From the instant data is recorded to the moment it is extracted a lot can go wrong.
Data may be entered incorrectly: Zeroes can be added or dropped, classification codes can be entered incorrectly, customer identifiers can be typed in inaccurately, background information may be excluded, dates may be recorded in different formats, and the list goes on and on – just think about one of your employees trying to provide an impatient customer with good service by rushing through a form that needs to be filled and you will get the picture.
Mistakes may occur when manipulating the data: fields names may be changed, mathematical operations may be applied incorrectly, figures may be rounded inappropriately, dates may be wrongly converted, units of measurement may be inconsistent, etc.

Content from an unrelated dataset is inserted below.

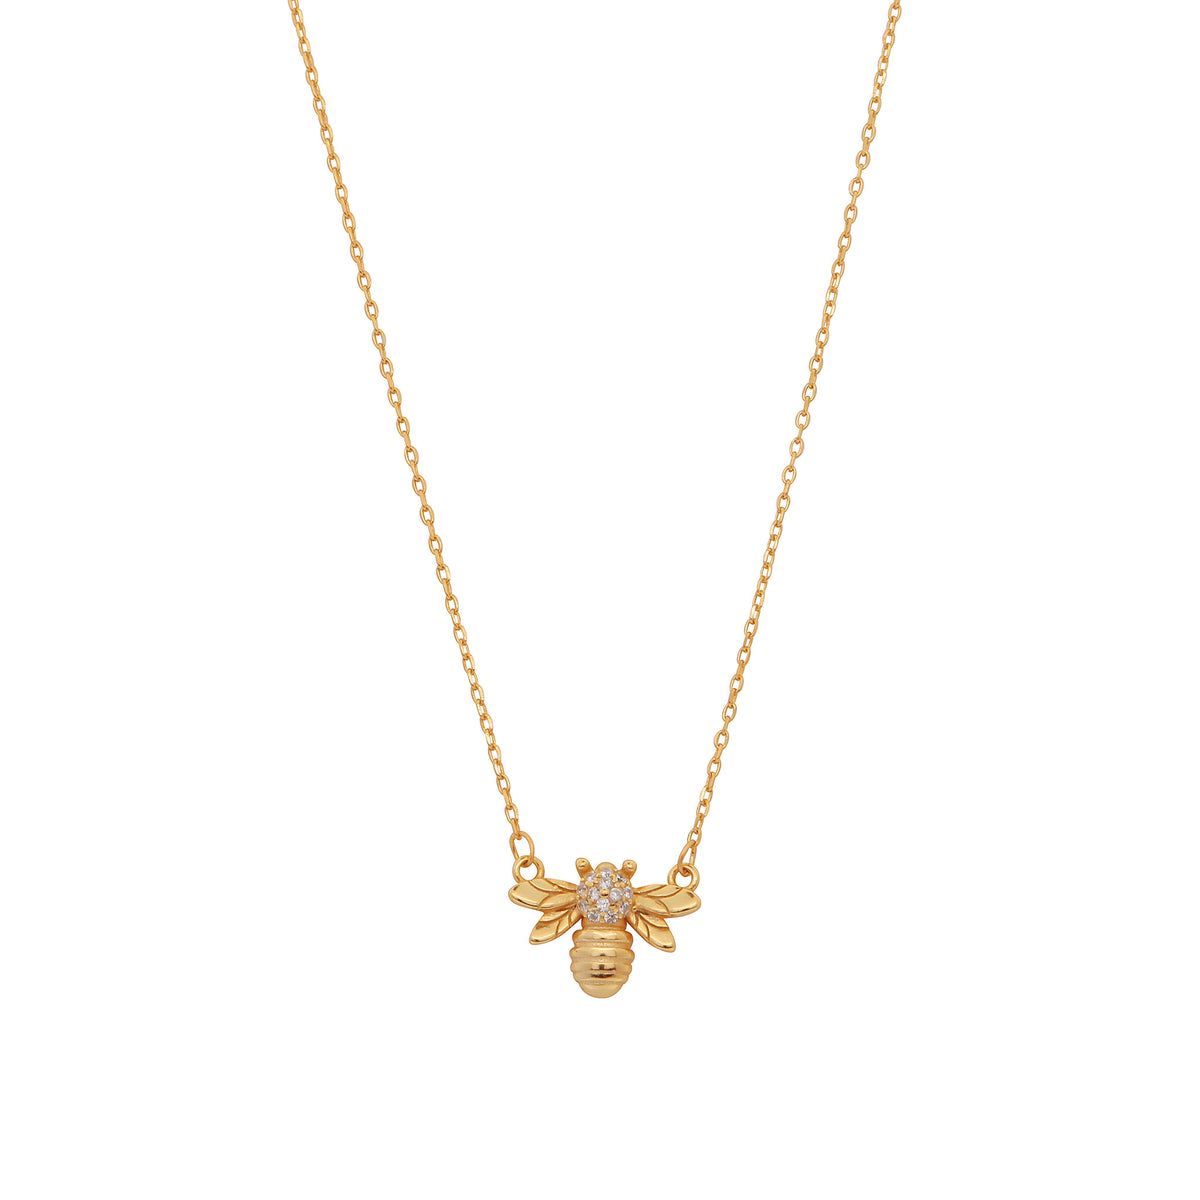 QUEEN BEE PENDANT NECKLACE– House of Pascal

When multiple data sources are integrated, even more errors are created mostly because various sources often contain the same information in different representations (think about how many times you had to fill different forms with the same information when, for example, applying for a loan). When the various sources are integrated, inconsistencies have to be reconciled one way or the other which may contaminate the data even more.
Many things can go wrong, and with enough data over enough time many things will go wrong. So, what is the best time for data cleansing?

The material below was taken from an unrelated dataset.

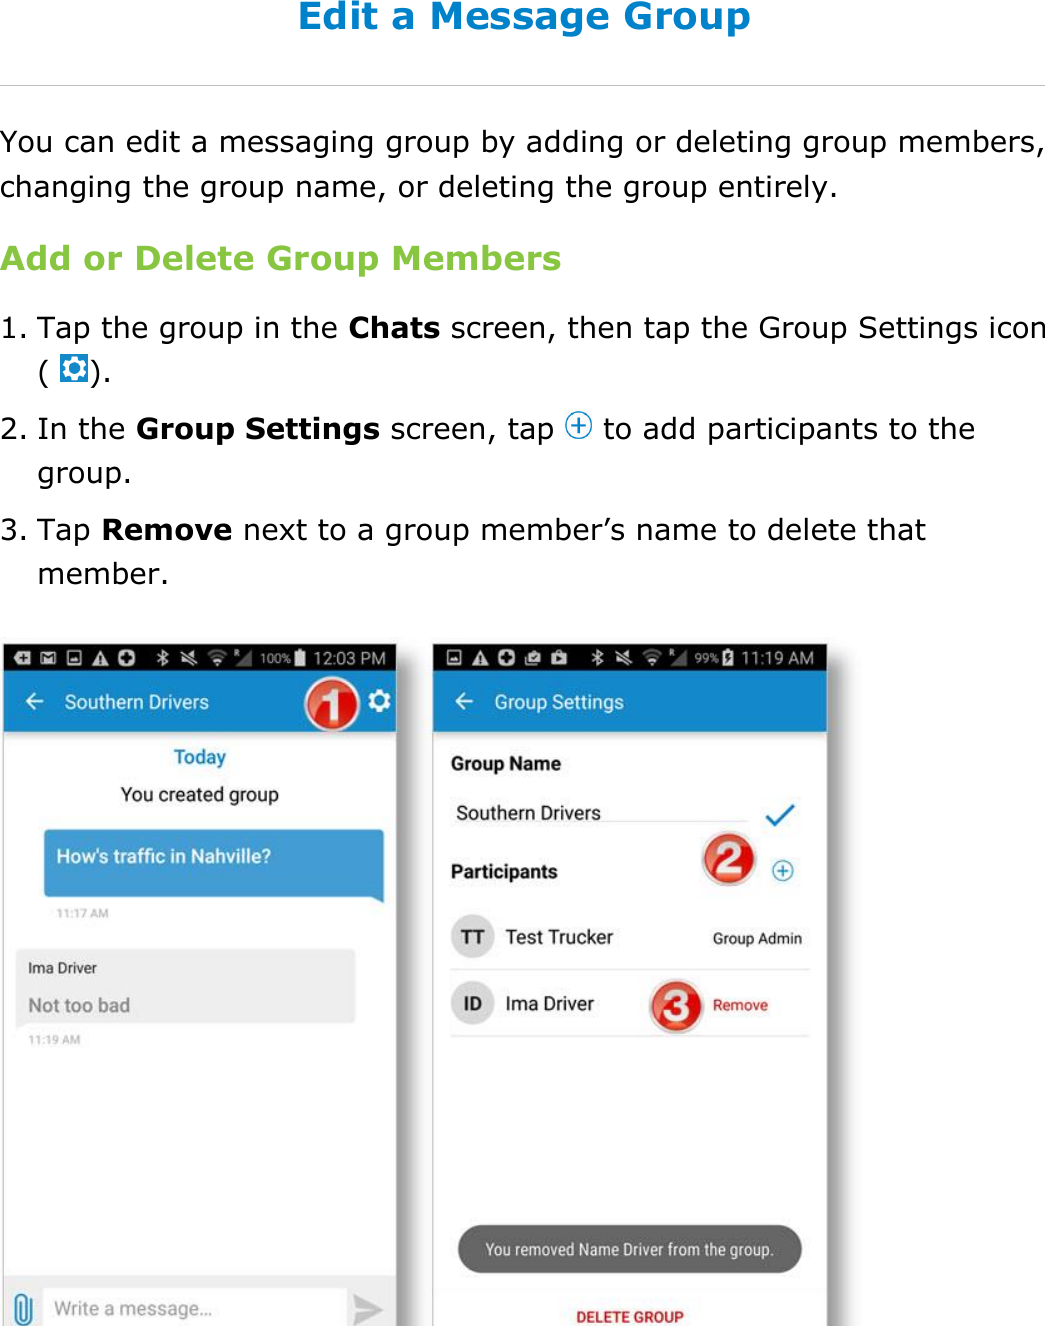 Send Messages, Forms, and Workflows DriverConnect User Guide  74 © 2017, Rand McNally, Inc. Edit a Message Group You can edit a messaging group by adding or deleting group members, changing the group name, or deleting the group entirely. Add or Delete Group Members 1. Tap the group in the Chats screen, then tap the Group Settings icon (  ). 2. In the Group Settings screen, tap   to add participants to the group. 3. Tap Remove next to a group member’s name to delete that member.

When it comes to data checking and verification, earlier is better than later. That said, it is (almost) never too late. Many practitioners do not realize how important it is but just imagine the implications of taking critical decisions based on incorrect information. So even if you catch an error later in the process it is better to pause and fix the problem rather than relying on incorrect information.
Remember, Garbage In = Garbage Out.
Clean data is vital for reliable decision making and a lot can be done to keep the data clean. Still, many errors would typically sneak in. Thus, once data is extracted it is necessary to inspect it carefully. While this process is time consuming, it helps in preventing data-related problems down the road. Furthermore, it is often the first step of the analysis – it is when intuition is developed and when initial patterns are identified and more refined questions emerge.